In fact the idea of a fixed and static I (or me, come to that) is entirely an illusion in any case. It is more like a function of memory than an identity. Watts again (ibid.):

In thinking of ourselves as divided into “I” and “me,” we easily forget that consciousness also lives because it is moving. It is as much a part and product of the stream of change as the body and the whole natural world. If you look at it carefully, you will see that consciousness—the thing you call “I”—is really a stream of experiences, of sensations, thoughts, and feelings in constant motion. But because these experiences include memories, we have the impression that “I” is something solid and still, like a tablet upon which life is writing a record.

Yet the “tablet” moves with the writing finger as the river flows along with the ripples, so that memory is like a record written on water—a record, not of graven characters, but of waves stirred into motion by other waves which are called sensations and facts. The difference between “I” and “me” is largely an illusion of memory. In truth, “I” is of the same nature as “me.” It is part of our whole being, just as the head is part of the body.
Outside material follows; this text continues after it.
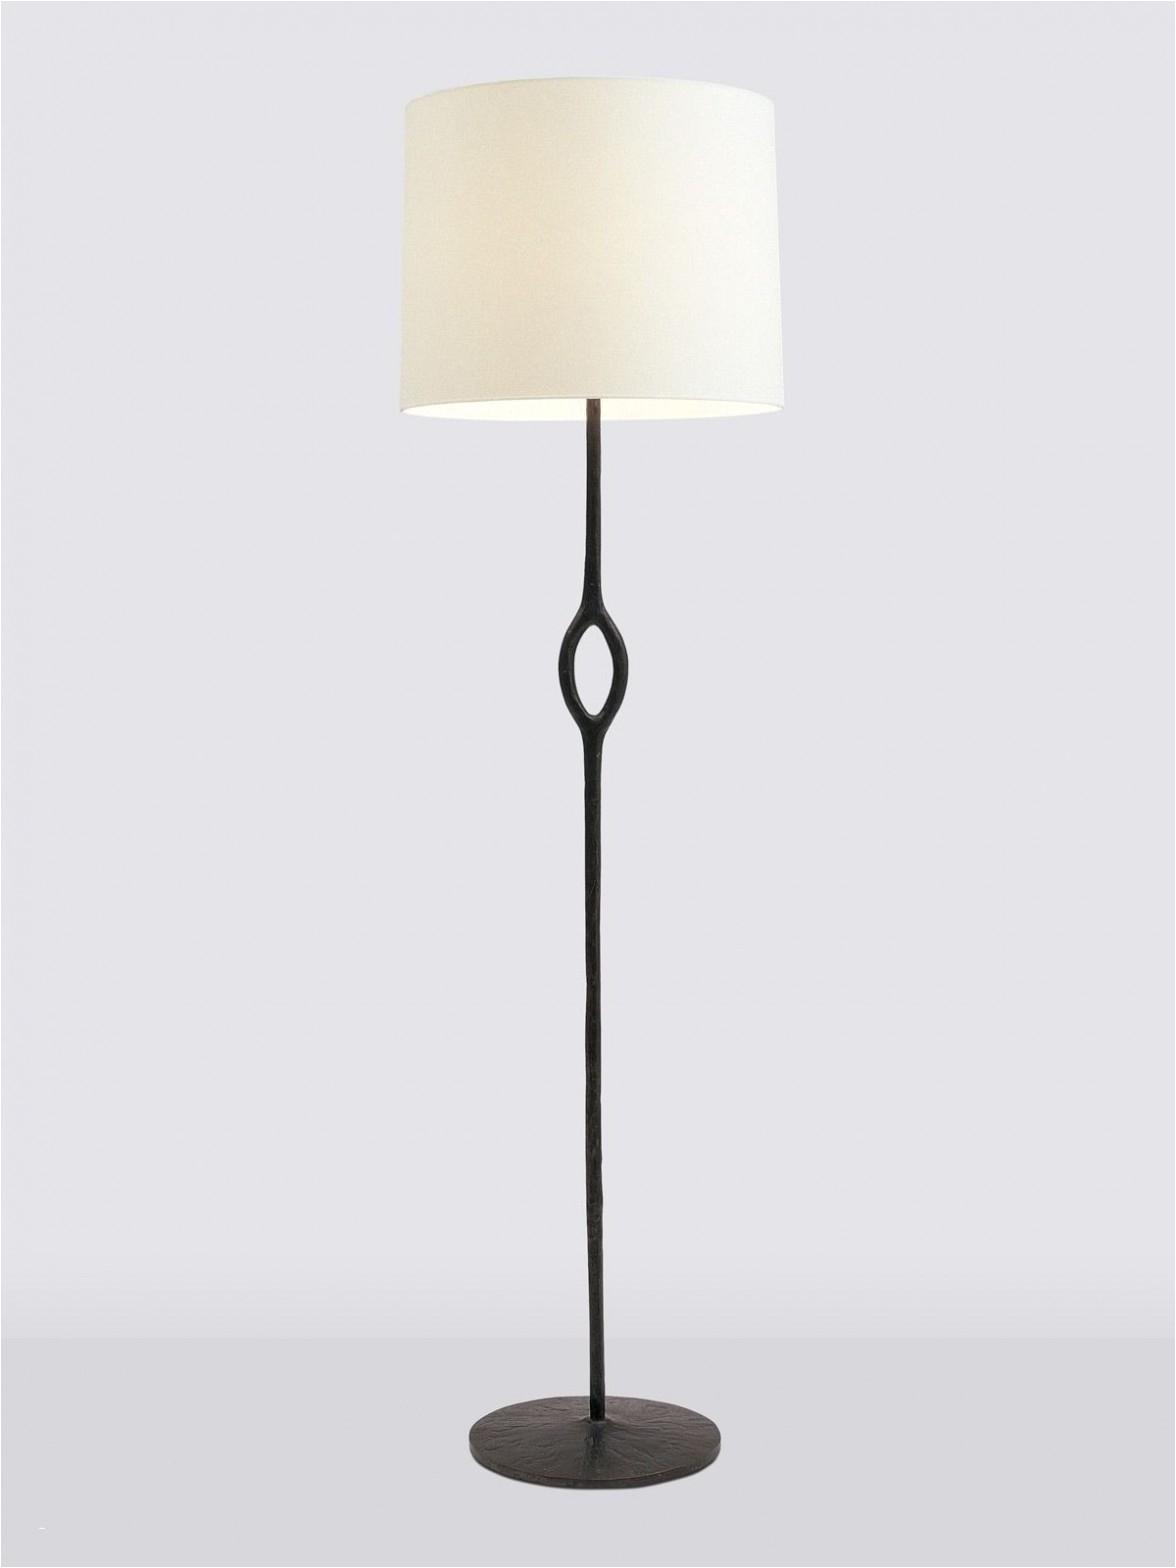 31 beautiful reading lamps walmart
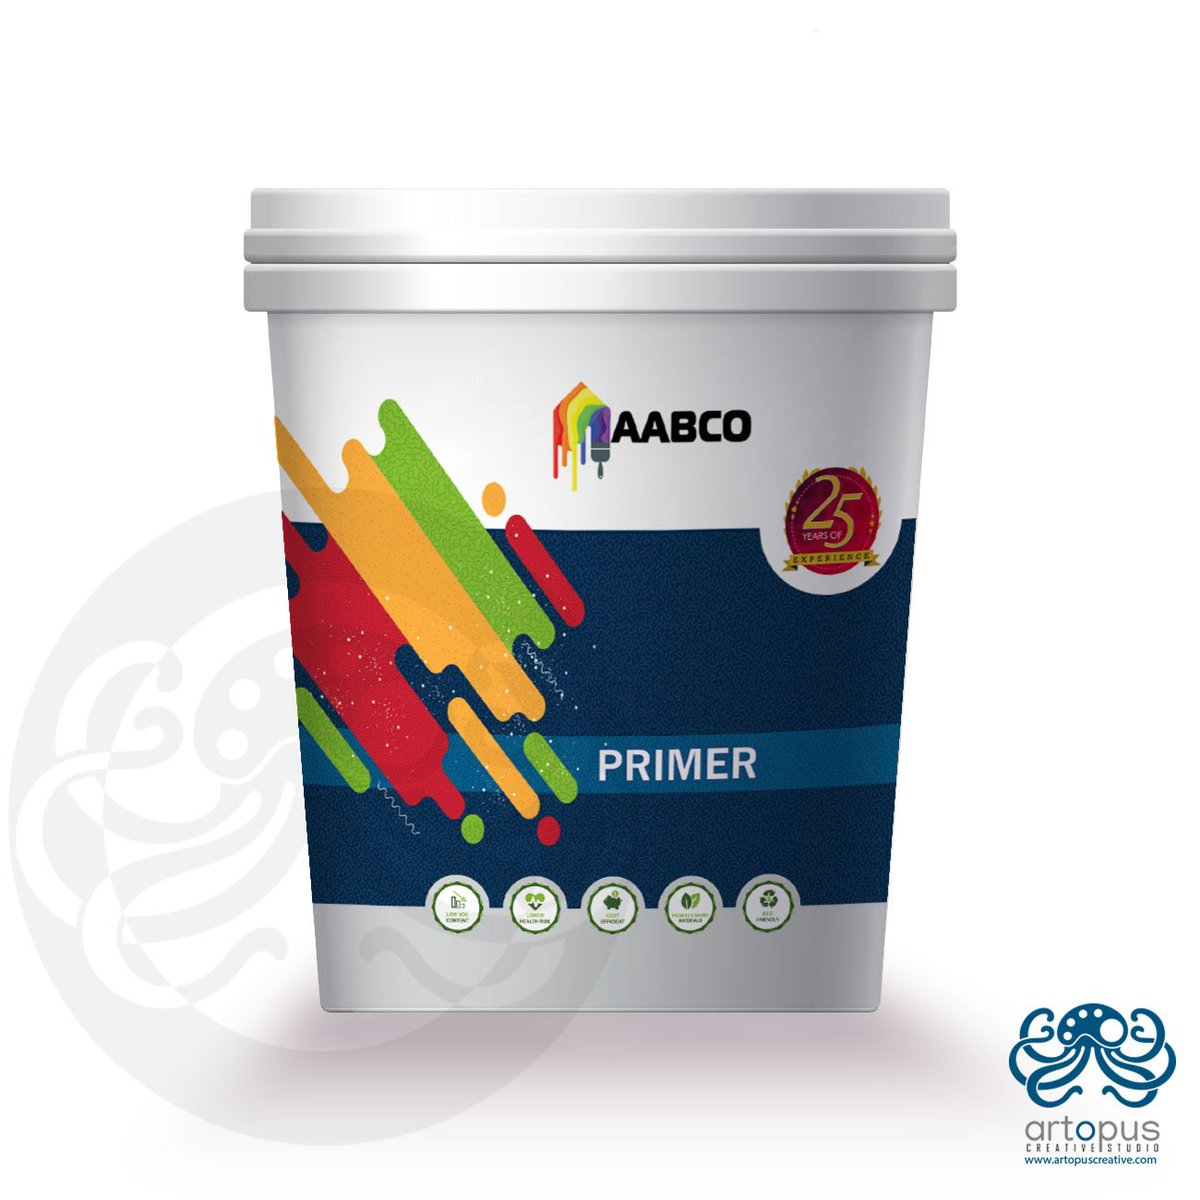 Artopus Creative On Twitter Aabco Eco Primer Paint Bucket Design Package Paint Bucket Design Graphics

But if this is not realized, “I” and “me,” the head and the body, will feel at odds with each other. “I,” not understanding that it too is part of the stream of change, will try to make sense of the world and experience by attempting to fix it.

It is to this paradox that the whole project of the contemplative life is addressed. To understand the “self” not as a thing but as a pattern in the flow of change is not something that is accessible to the thinking mind; and the only thing to do with the thinking mind is to bring it to an end of itself in practice. Just sitting is the most pointless endeavour: that is the whole point of it. In that stillness, the fractured self (I/me) can begin to heal, and the lovely, fleeting swirl can reveal itself as just the movement of the stream it always was.

Einzelgänger und Einzelgängerin

Einzelgänger (f. Einzelgängerin) is one of my favourite German compound nouns. It’s usually translated as “loner”, though Google Translate also offers “maverick, rogue, nonconformist”. Literally of course it means “single walker” – and that comes closer to the way I always think of it. There’s almost an eremitical flavour to it…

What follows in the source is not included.